SUPPLIED DATA:

[Start of section]

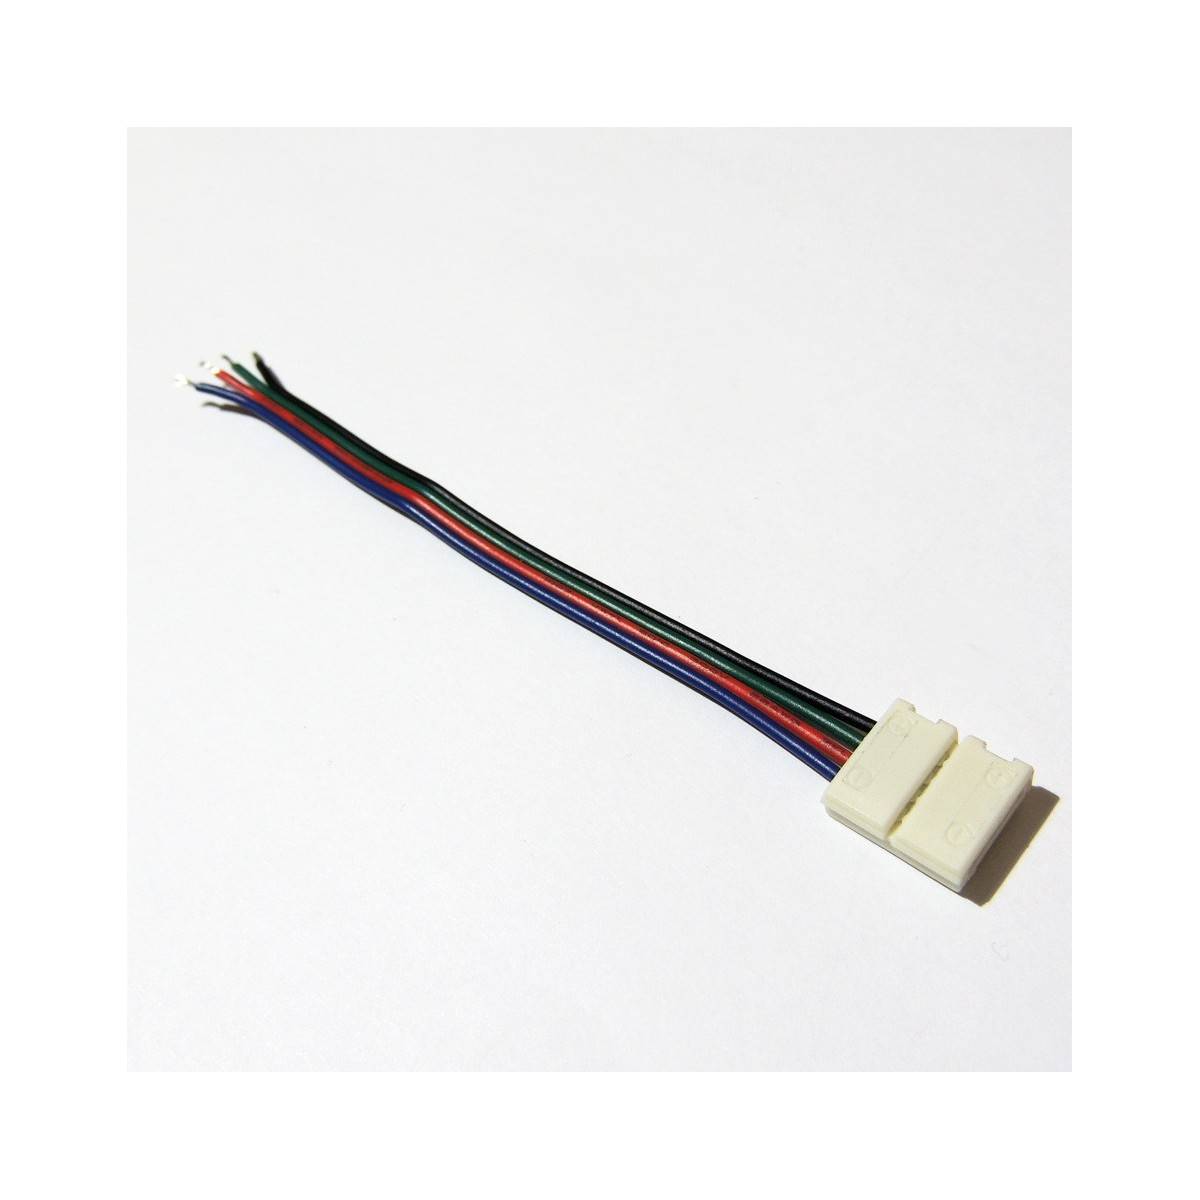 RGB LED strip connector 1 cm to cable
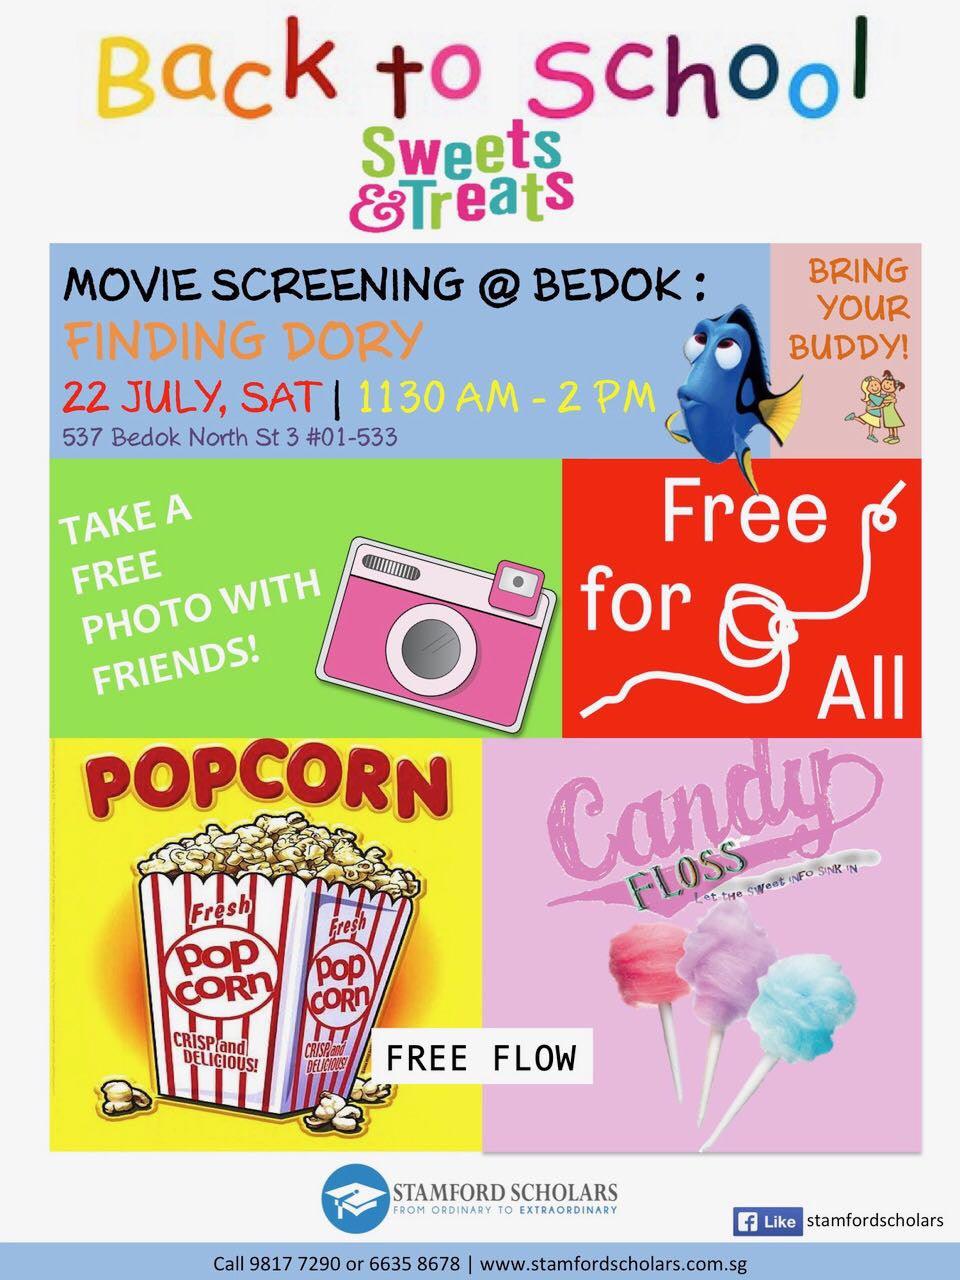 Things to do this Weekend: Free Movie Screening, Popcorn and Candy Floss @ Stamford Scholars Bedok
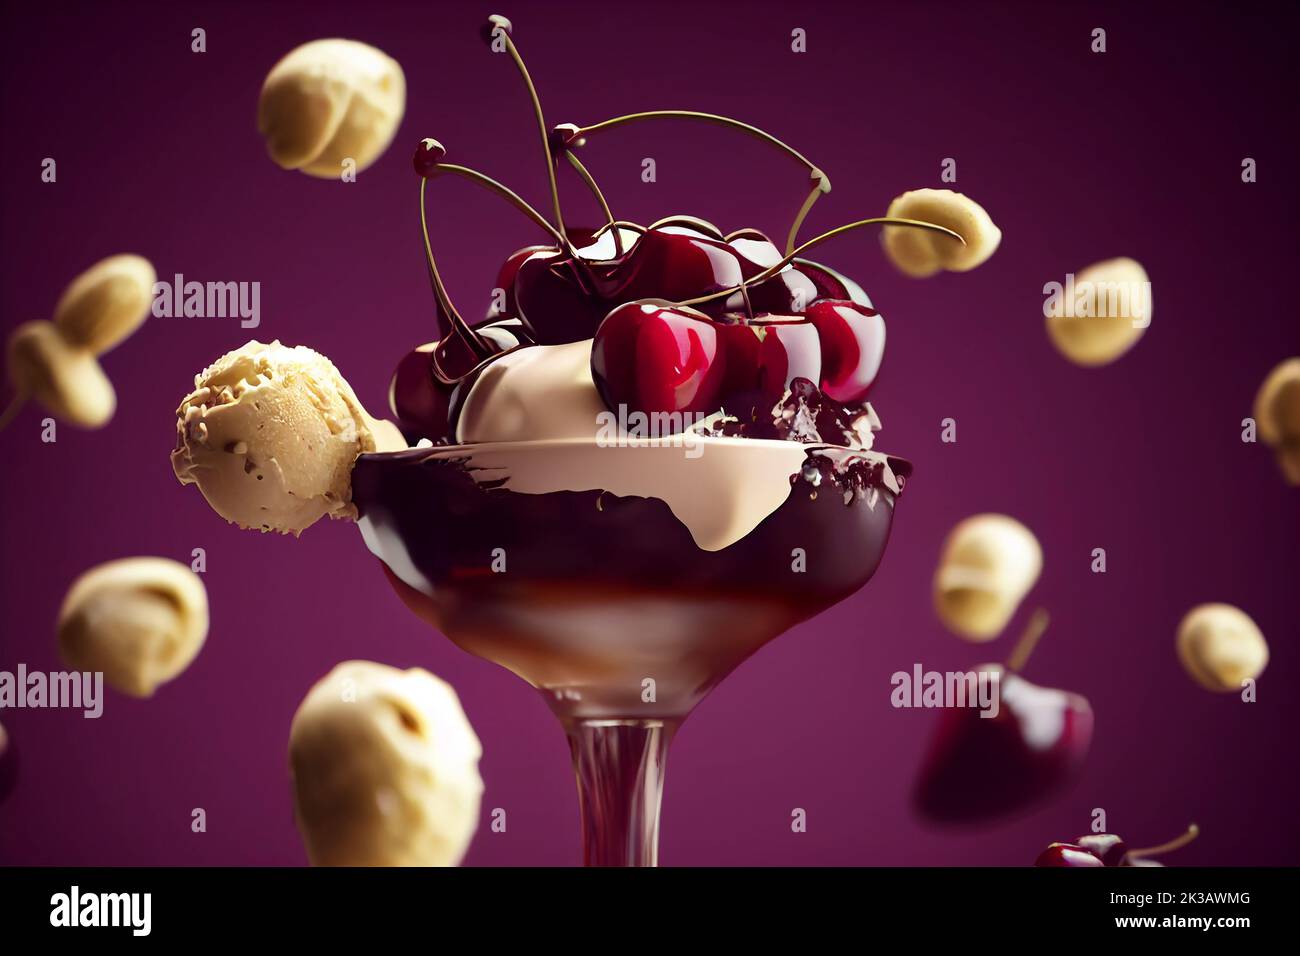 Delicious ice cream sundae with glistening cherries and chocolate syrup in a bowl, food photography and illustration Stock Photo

[End of section]

WORK INSTRUCTIONS: Please return all of the material above exactly, minus any pictures.

TASK RESPONSE:
 RGB LED strip connector 1 cm to cable
 Things to do this Weekend: Free Movie Screening, Popcorn and Candy Floss @ Stamford Scholars Bedok
 Delicious ice cream sundae with glistening cherries and chocolate syrup in a bowl, food photography and illustration Stock Photo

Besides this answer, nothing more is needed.